O espanto e perplexidade provocados pelo fenômeno mediúnico na mente sensível e disciplinada de Allan Kardec, exigindo interpretação racional, deram nascimento à filosofia espírita, cuja identidade o filósofo J. Herculano Pires busca demonstrar na introdução de sua tradução de O Livro dos Espíritos, através de lúcidas considerações, algumas das quais, de maneira livre, apresentamos a seguir.
Quando do surgimento do Espiritismo, escreve H. Pires, a dicotomia mítico-teológica que nos apresentava o mundo dividido entre o natural e o sobrenatural, foi dialeticamente superada. O sobrenatural, afirma o Espiritismo, é apenas o natural não conhecido, não explicado e as leis de Deus não são somente as leis morais mas também as leis físicas, e aquelas não são mais do que a sequência evolutiva destas, uma vez que tudo se encadeia no universo.
O “Livro dos Espíritos” não é apenas a pedra fundamental, o marco inicial da nova codificação, mas também seu próprio delineamento, seu núcleo central e ao mesmo tempo o arcabouço geral da doutrina.
Observa-nos que O Livro dos Espíritos começa pela metafísica, passando depois à cosmologia, à psicologia, aos problemas propriamente espíritas da origem e da natureza do espírito e suas ligações com o corpo, bem como os da vida após a morte, para chegar, com as leis morais, à sociologia e à ética, e concluir, no livro IV, com as considerações de ordem teológicas sobre as penas e gozos futuros e a intervenção de Deus na vida humana. Todo um vasto sistema, sem exigências opressoras, numa estrutura livre e dinâmica.
As demais obras de Kardec partem do seu conteúdo, refletindo sua extraordinária unidade. O Livro dos Espíritos é o arcabouço filosófico do Espiritismo. É o seu tratado filosófico. Ainda que não tenha sido elaborado em linguagem técnica e nem observe as minúcias da exposição filosófica, revela todo um complexo e amplo sistema de filosofia. O Livro dos Espíritos revela-nos não um filósofo, mas um educador e pedagogo que era Kardec. Daí prevalecer a didática e não a filosofia, na elaboração do livro, destacando-se aí a utilização de um método clássico da tradição filosófica, o diálogo.
Com razão Kardec afirma no cap.
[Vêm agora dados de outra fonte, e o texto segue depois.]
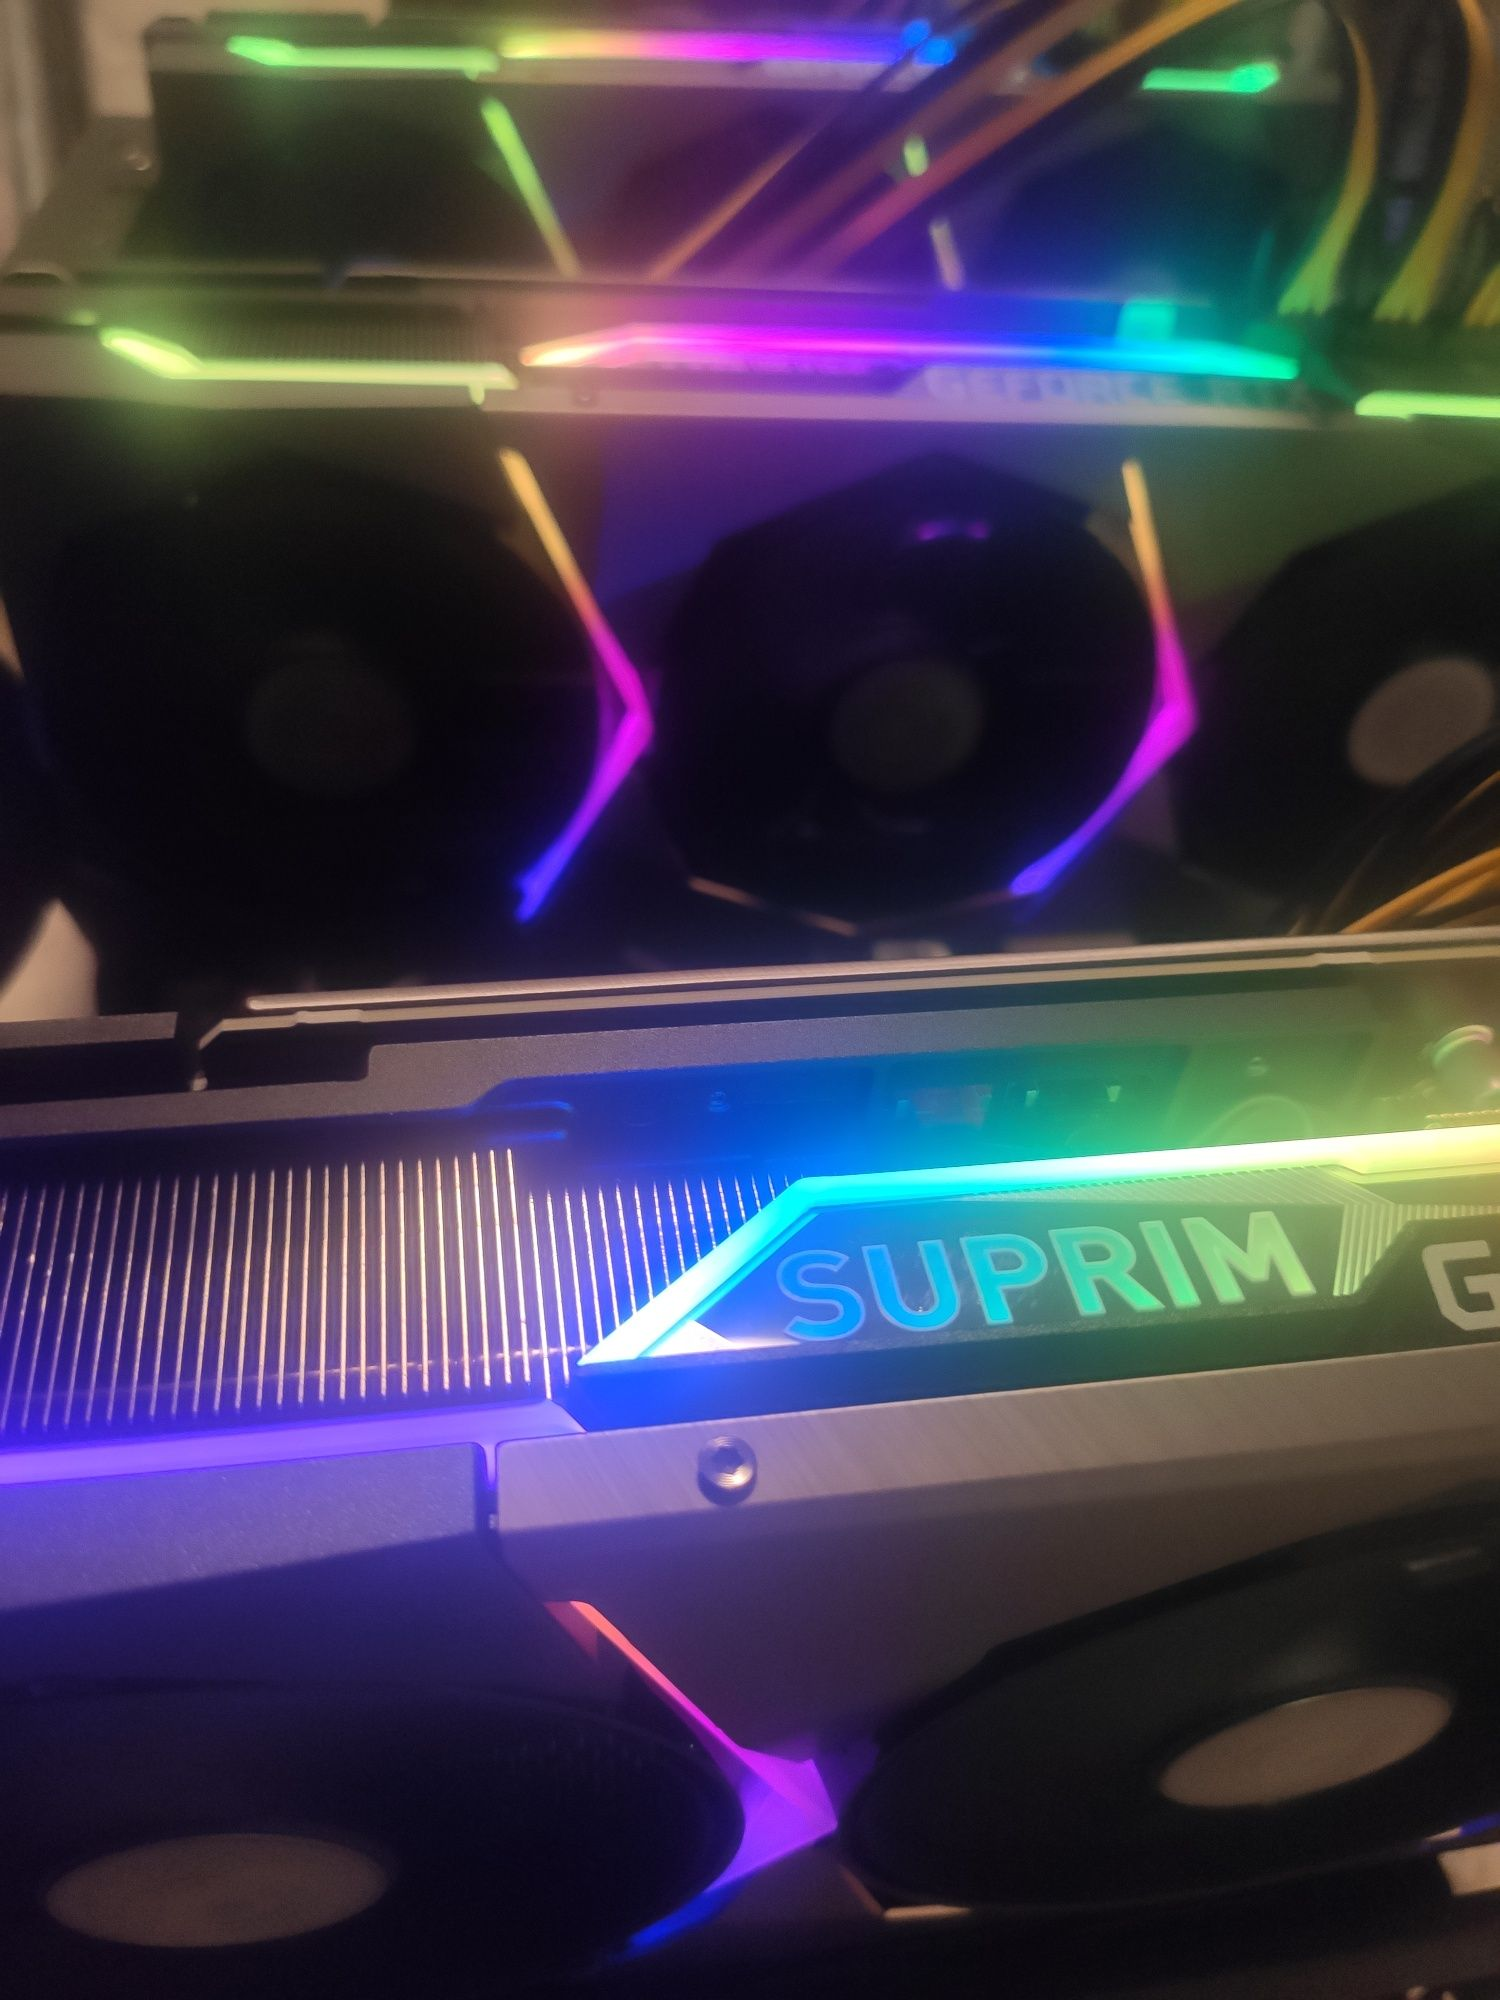 Mining Rig 3x RTX 3090 MSI Suprim X

VI da conclusão deste livro: “Sua força está na sua filosofia, no apelo que faz à razão e ao bom senso”.
Este é o processo dialético do Espiritismo, que em vez de dar ênfase à contradição em si, à luta dos opostos, prefere dá-la à harmonia, à fusão dos contrários, para uma nova criação.
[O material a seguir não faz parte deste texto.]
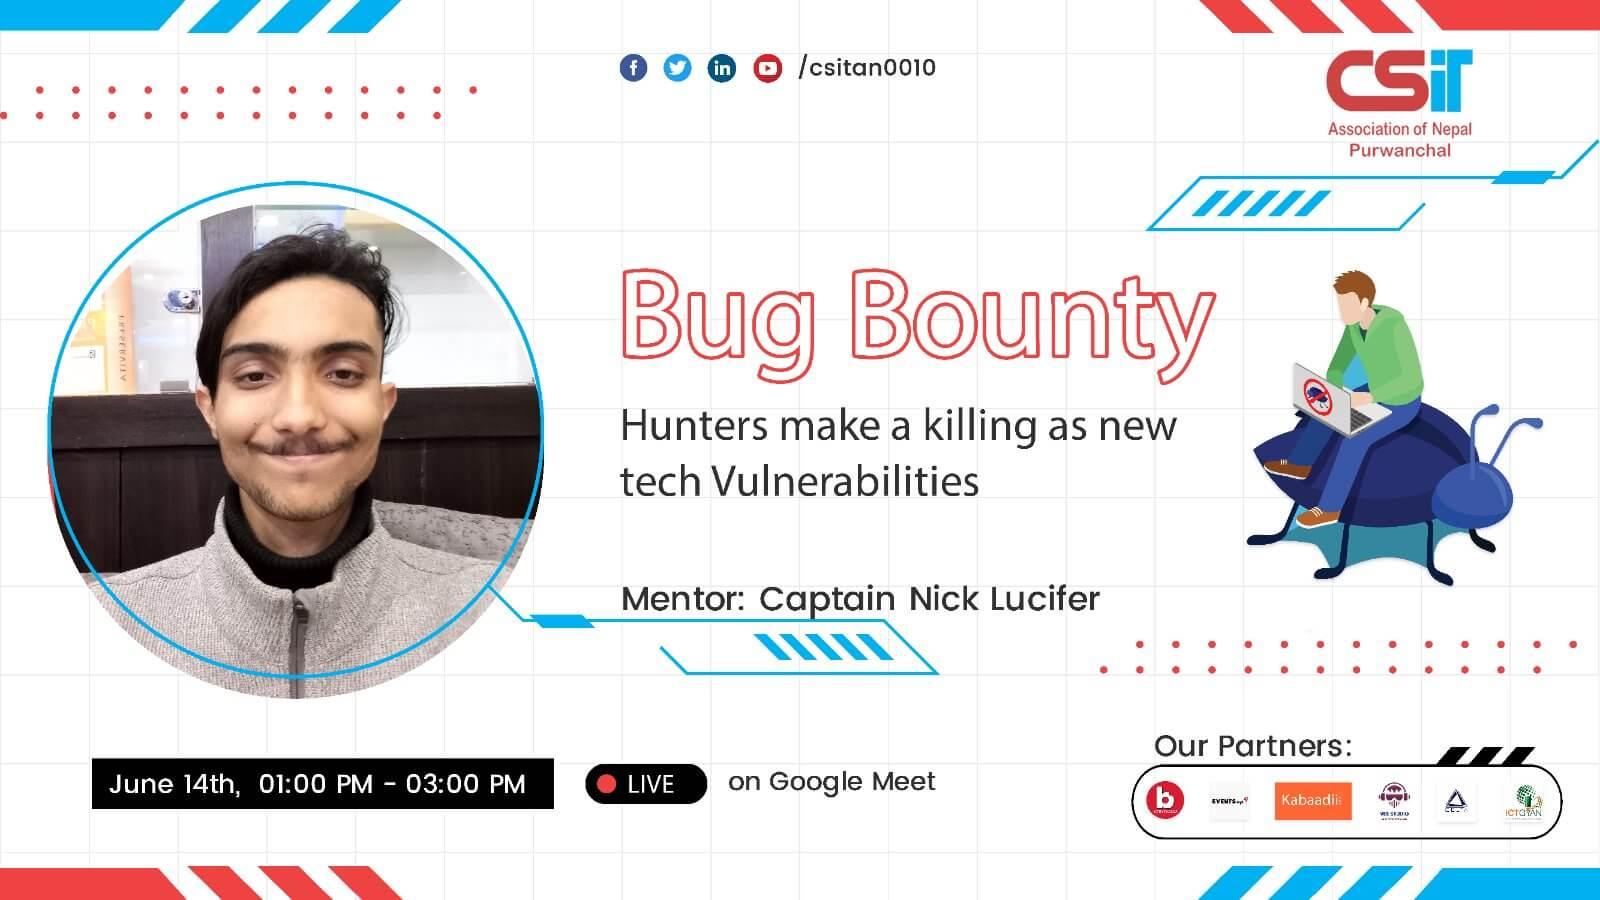 bug bounty captain nick lucifer

Assim, a concepção espírita ou a cosmovisão espírita não é dogmático-fideista, mas crítico-fideista, isto é, fé raciocinada.
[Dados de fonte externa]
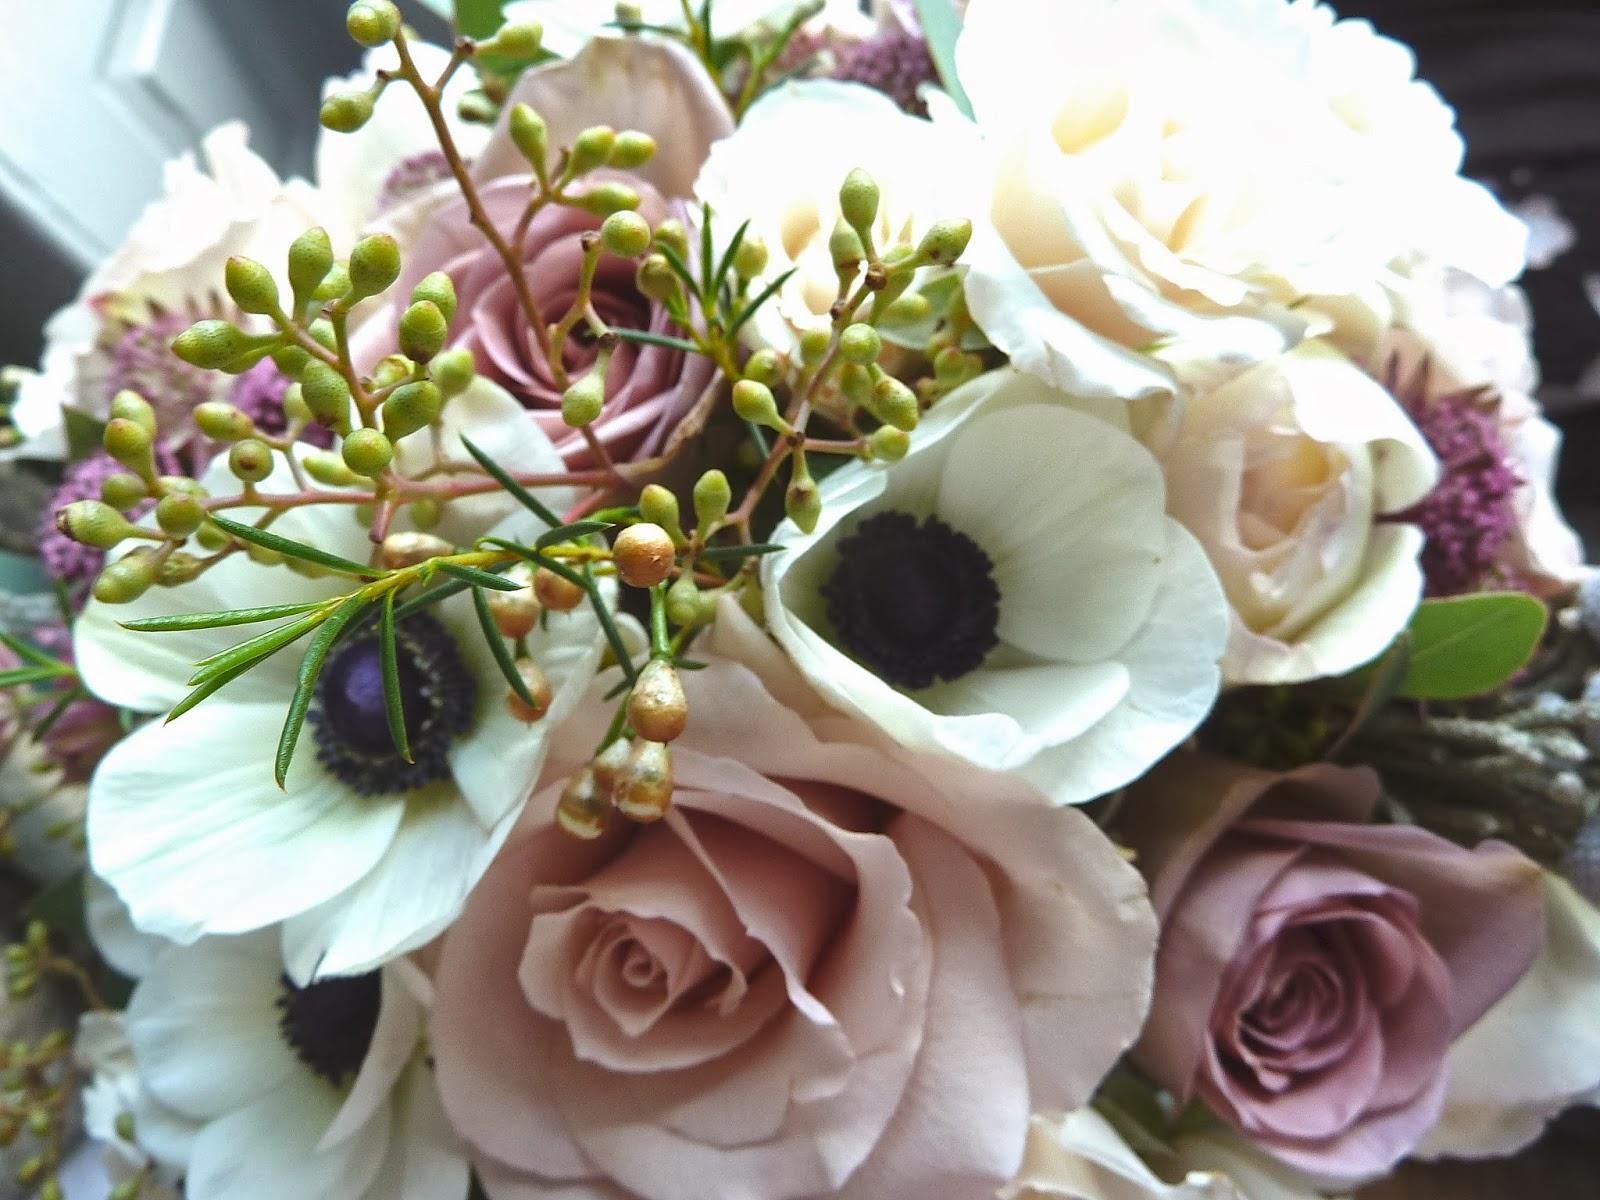 88 February Wedding Flowers February Wedding Flowers Uk

O Livro dos Espíritos é o primeiro compêndio de uma nova escola filosófica. Sua tese fundamental é a evolução, e a natureza desta é dialética, conclui Herculano Pires.
Já o extraordinário Manuel S. Porteiro (1881/1936) em seu livro Espiritismo Dialético, afirma que o Espiritismo é ciência filosófica e, ao mesmo tempo filosofia científica. Ciência filosófica, porque deduz conclusões dos fatos que observa. Filosofia científica, porque se apoia nos fatos da psicologia, da metapsíquica e da ciência em geral. É também ciência integral e progressiva porque, se referindo ao espírito humano, à sua evolução, ao seu destino, às suas relações com a humanidade e com o universo, integra todos os conhecimentos. Sua filosofia é eminentemente dialética; sua concepção da vida, dinâmica e seu conceito de história, genético.
Sir Oliver Lodge, o grande físico inglês, destacando a natureza revolucionária do pensamento espírita, considerou o Espiritismo, no seu livro “A imortalidade pessoal”, como “uma nova revolução copérnica”.
A natureza sintética, revolucionária e livre pensadora da filosofia espírita é evidente. Essa concepção inovadora afeta drasticamente a forma pela qual o homem e o mundo são percebidos e tem óbvias implicações morais, já que sugere, racionalmente, um comportamento pessoal, familiar e social orientado para a construção de uma sociedade mais justa, igualitária e fraterna.